Exercise description:
Every record that follows should appear again in your answer, exactly the same.

Records:
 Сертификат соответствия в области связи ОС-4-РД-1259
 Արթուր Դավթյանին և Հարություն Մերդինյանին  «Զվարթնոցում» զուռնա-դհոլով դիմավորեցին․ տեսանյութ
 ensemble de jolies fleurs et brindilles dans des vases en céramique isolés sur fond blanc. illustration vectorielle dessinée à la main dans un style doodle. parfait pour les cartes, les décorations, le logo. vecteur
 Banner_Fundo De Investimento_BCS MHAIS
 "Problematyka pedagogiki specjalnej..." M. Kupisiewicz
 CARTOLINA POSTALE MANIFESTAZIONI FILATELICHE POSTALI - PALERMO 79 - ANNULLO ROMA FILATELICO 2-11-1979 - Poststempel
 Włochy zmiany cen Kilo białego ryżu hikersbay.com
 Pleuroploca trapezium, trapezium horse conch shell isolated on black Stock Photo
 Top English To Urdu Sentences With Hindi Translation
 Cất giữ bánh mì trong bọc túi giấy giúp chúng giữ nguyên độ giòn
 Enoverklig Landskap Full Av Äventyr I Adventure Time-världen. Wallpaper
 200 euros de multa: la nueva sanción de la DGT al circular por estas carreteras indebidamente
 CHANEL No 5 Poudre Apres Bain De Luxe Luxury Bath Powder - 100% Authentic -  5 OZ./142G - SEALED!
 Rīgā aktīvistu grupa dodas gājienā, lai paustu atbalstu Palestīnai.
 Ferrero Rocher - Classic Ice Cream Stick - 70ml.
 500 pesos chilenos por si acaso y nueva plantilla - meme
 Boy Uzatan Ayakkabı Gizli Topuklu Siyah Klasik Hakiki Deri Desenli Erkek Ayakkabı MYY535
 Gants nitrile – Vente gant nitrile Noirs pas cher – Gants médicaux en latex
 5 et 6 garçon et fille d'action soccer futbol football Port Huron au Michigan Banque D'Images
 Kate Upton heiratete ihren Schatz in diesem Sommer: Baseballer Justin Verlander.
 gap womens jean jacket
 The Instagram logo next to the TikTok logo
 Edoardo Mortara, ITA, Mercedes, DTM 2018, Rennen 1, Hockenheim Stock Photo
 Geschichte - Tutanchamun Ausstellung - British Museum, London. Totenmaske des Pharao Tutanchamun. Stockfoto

Answer to the exercise:
 Сертификат соответствия в области связи ОС-4-РД-1259
 Արթուր Դավթյանին և Հարություն Մերդինյանին  «Զվարթնոցում» զուռնա-դհոլով դիմավորեցին․ տեսանյութ
 ensemble de jolies fleurs et brindilles dans des vases en céramique isolés sur fond blanc. illustration vectorielle dessinée à la main dans un style doodle. parfait pour les cartes, les décorations, le logo. vecteur
 Banner_Fundo De Investimento_BCS MHAIS
 "Problematyka pedagogiki specjalnej..." M. Kupisiewicz
 CARTOLINA POSTALE MANIFESTAZIONI FILATELICHE POSTALI - PALERMO 79 - ANNULLO ROMA FILATELICO 2-11-1979 - Poststempel
 Włochy zmiany cen Kilo białego ryżu hikersbay.com
 Pleuroploca trapezium, trapezium horse conch shell isolated on black Stock Photo
 Top English To Urdu Sentences With Hindi Translation
 Cất giữ bánh mì trong bọc túi giấy giúp chúng giữ nguyên độ giòn
 Enoverklig Landskap Full Av Äventyr I Adventure Time-världen. Wallpaper
 200 euros de multa: la nueva sanción de la DGT al circular por estas carreteras indebidamente
 CHANEL No 5 Poudre Apres Bain De Luxe Luxury Bath Powder - 100% Authentic -  5 OZ./142G - SEALED!
 Rīgā aktīvistu grupa dodas gājienā, lai paustu atbalstu Palestīnai.
 Ferrero Rocher - Classic Ice Cream Stick - 70ml.
 500 pesos chilenos por si acaso y nueva plantilla - meme
 Boy Uzatan Ayakkabı Gizli Topuklu Siyah Klasik Hakiki Deri Desenli Erkek Ayakkabı MYY535
 Gants nitrile – Vente gant nitrile Noirs pas cher – Gants médicaux en latex
 5 et 6 garçon et fille d'action soccer futbol football Port Huron au Michigan Banque D'Images
 Kate Upton heiratete ihren Schatz in diesem Sommer: Baseballer Justin Verlander.
 gap womens jean jacket
 The Instagram logo next to the TikTok logo
 Edoardo Mortara, ITA, Mercedes, DTM 2018, Rennen 1, Hockenheim Stock Photo
 Geschichte - Tutanchamun Ausstellung - British Museum, London. Totenmaske des Pharao Tutanchamun. Stockfoto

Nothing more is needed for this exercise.